District Court’s Reversal
The Court framed the central issue as whether the Bad Debt Moratorium in some circumstances allows providers to treat Medicare and non-Medicare accounts differently, if sound business judgment counsels in favor of such differential treatment, and whether the PRRB’s decision in the negative thus violates the Bad Debt Moratorium. Essentially, the question was whether the PRRB’s application of the § 310 “similar-collection-efforts” standard in a rigid and inflexible manner violated PRRB policy or interpretation that existed in 1987. The Hospitals pointed to several decisions of the PRRB that pre-date the 1987 Moratorium – one from 1985 and another from 1986 – that support a flexible approach. They insisted that to shift to a rigid approach to the similar-collection-efforts standard now constitutes a change in the policy in effect on August 1, 1987, in contravention of the Moratorium.
The decisions cited by the Hospitals each contemplated a flexible approach to collection based on the providers’ business judgment. Thus, the Court agreed with the Hospitals that the PRRB’s flexible approach pre-dated the Moratorium, and that a decision to refer only non-Medicare accounts to a secondary collection agency could be within the sound business decision of a provider.

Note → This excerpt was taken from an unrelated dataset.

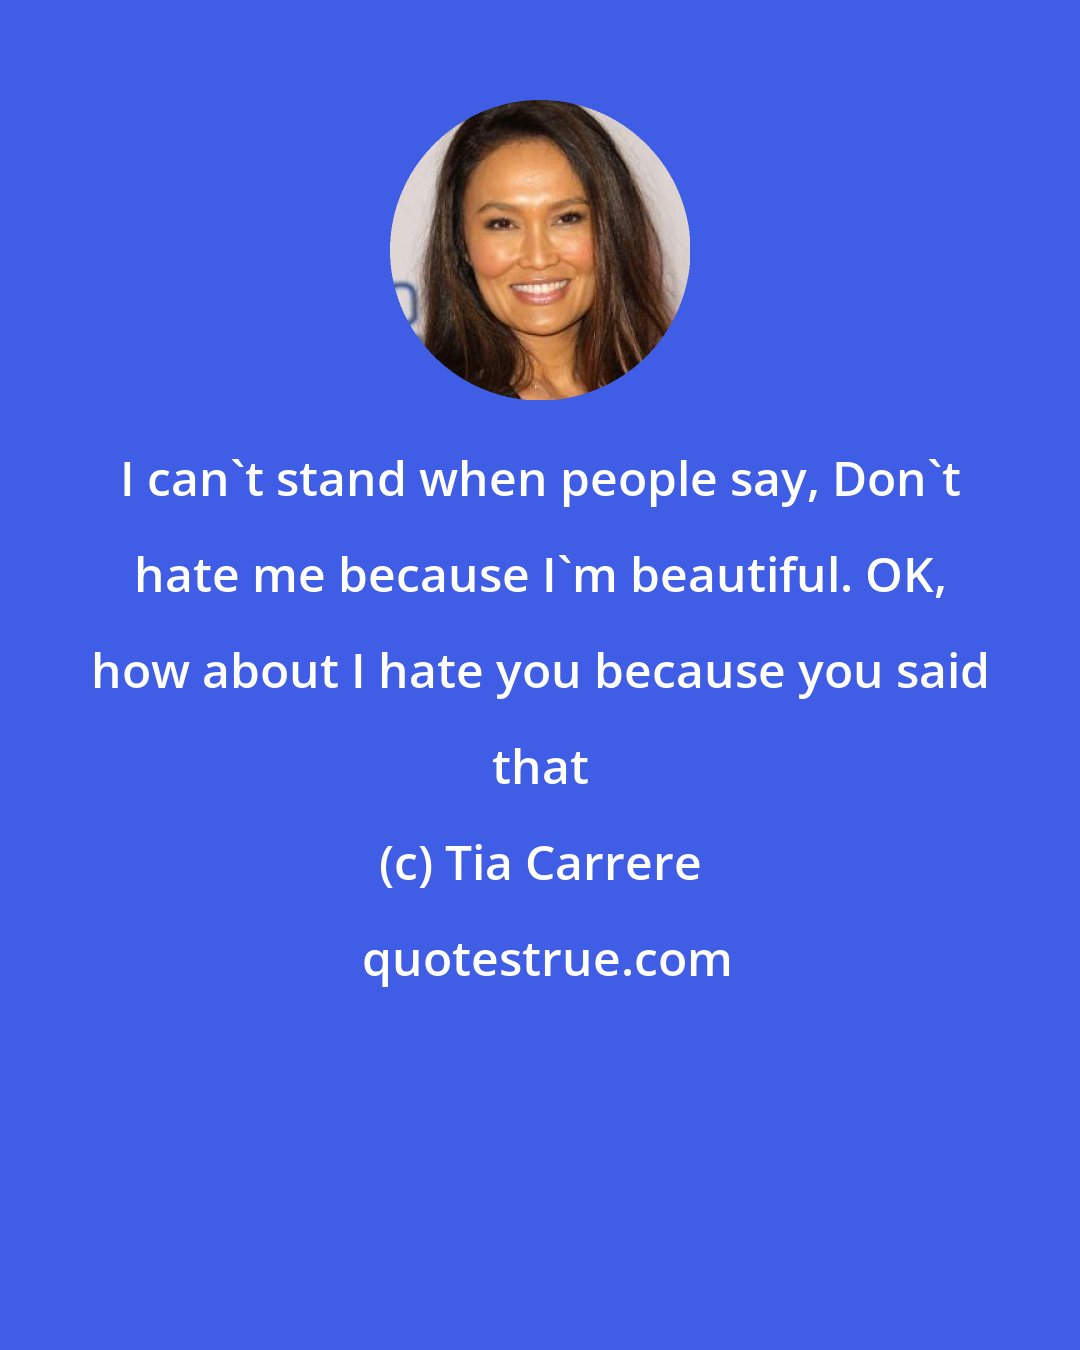 Tia Carrere: I can't stand when people say, Don't hate me because I'm beautiful. OK, how about I hate you because you said that

Notably, the Court here did not accept the Secretary’s argument that deference to agency interpretation of its own guidance supported the PRRB’s decision against the Hospitals, noting that the Moratorium complicates the deference issue because it requires the Court to follow the agency’s 1987 interpretation of its own regulations, rather than the agency’s present-day interpretation.
The Court remanded the decision to the PRRB for a determination on the reasonableness of the Hospital’s decision to separate the collection efforts after primary collection efforts ended, noting an absence of evidence regarding that business decision on the record. The Court instructed that the PRRB should determine whether the Hospitals’ belief that the recovery rates for Medicare accounts would be less than those for similar-value non-Medicare accounts sent to SCAs was supported by evidence beyond mere assumptions about Medicare patients as a group.
Ober|Kaler's Comments
Providers who have made a “sound” business decision to treat Medicare and non-Medicare debt collection efforts somewhat differently, particularly after 120 days, may find support in this case if the business decision can be substantiated. It further strengthens the argument that the Secretary may not use present-day interpretations of pre-1987 guidance in violation of the Bad Debt Moratorium, where the PRRB or the Secretary established a different interpretation prior 1987.